Opinion
By JEREMY NOWAK
Courier-Post, November 13, 2005
Camden is a post-industrial city that never recovered from the loss of plentiful manufacturing jobs. It is a case study in racial and income segregation. It is a place where half of the adults do not have a high school degree. It has an abundance of developable land that is often too costly to recover as it requires environmental remediation, demolition and sometimes politically charged relocation.
The public goods of economic growth -- safety, transparent services, work force quality, functioning schools, rational tax structure -- have been largely absent for decades. In the best of near-term scenarios, the city cannot pay its own way, let alone invest in long-term capital expenditures.
Camden's decline is all the more striking when its economic geography is considered. It has access to high quality transportation linkages. Its waterfront is proximate to a strong downtown Philadelphia real estate market.
It is in the center of a region with competitive advantage in industries such as health care, financial services and pharmaceuticals. There are hospitals and universities in its center that are poised for expansion. It receives public education resources that most cities envy.
Special case
Placing the city into receivership and providing a special subsidy toward a recovery strategy was a bold gamble. In the past, distressed cities such as Camden have had particular departments sent into federal or state receivership; a housing authority, a school district and so on. But this takeover was more dramatic. It placed a new policy stake in the ground and, therefore, its strategy and outcomes must be taken far more seriously.

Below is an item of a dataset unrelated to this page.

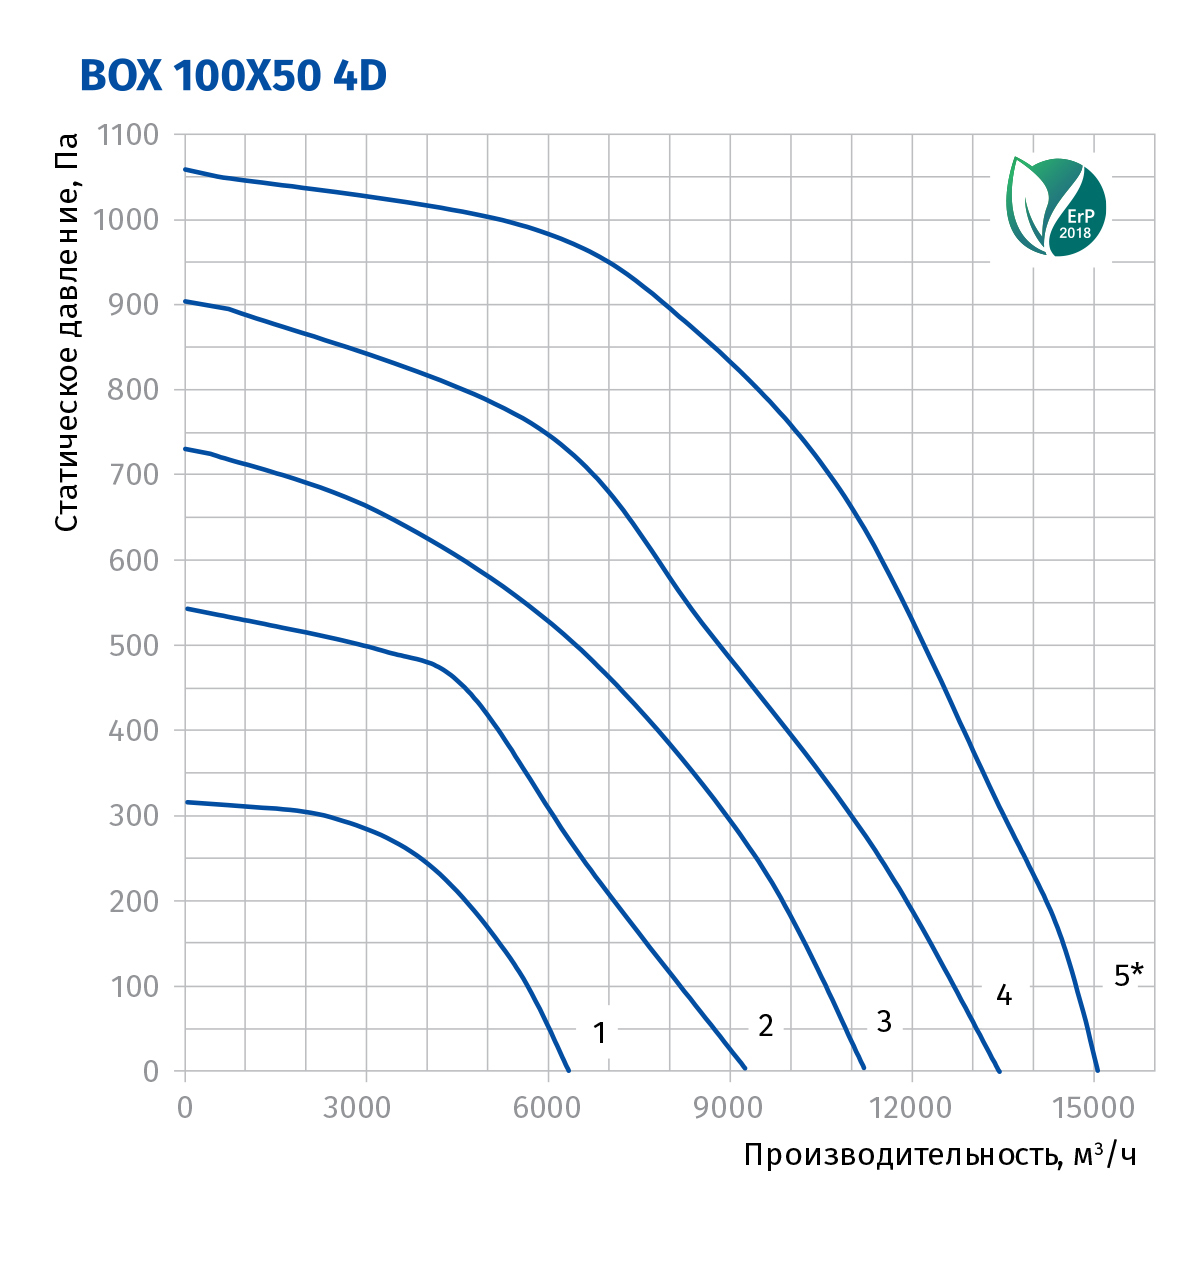 Blauberg Box 100x50 4D Диаграмма производительности

Was the structure of the receivership the right one? Was the timeframe too short? Were the regulatory and financial incentives too thin? Did the powers and resources fit the revitalization agenda? Were the state policies that accompanied it the best ones? The answer to these questions effect more than Camden; they are applicable to dozens of small, distressed cities in the industrial corridors of the Northeast and Midwest.
I suggest that receivership strategies must follow three development objectives: building from strength; connecting to the region; and restoring governance capacity.
Building from strength. New investments must extend historical market and civic success into nearby areas. This means building from the assets of major institutions that want to grow, reinforcing successful waterfront investments including new market rate housing and facilitating neighborhood development efforts that have preserved and revitalized housing and retail development.
Connecting to the region. Camden residents need choices. They need links to regional work opportunities and affordable housing in job rich communities with better schools. This requires policy that reconceptualizes the problems of cities through a regional lens. It means support for workforce strategies that connect the supply of labor to the demand for labor.
Restoring governance capacity. The period of receivership has to be viewed as an opportunity to restore service quality to Camden citizens and rethink what levels of government -- local, county and state -- are equipped to carry out what functions. At the end of the day, receivership has to leave behind high quality public amenities.
Worthy experiment?
Whatever we think of the past few years, we can agree that there is too much to be done with too limited of a resource and policy mantle to accomplish it.
We will not repair Camden in a few years.
But we can craft a development legacy that strengthens the incremental value achieved over the previous decades; constructs more vibrant connections to the regional economy, and restores public confidence. Then the experiment will have been worth it.
Jeremy Nowak is the chief executive officer of The Reinvestment Fund, a nationally recognized innovator in urban economic and neighborhood development.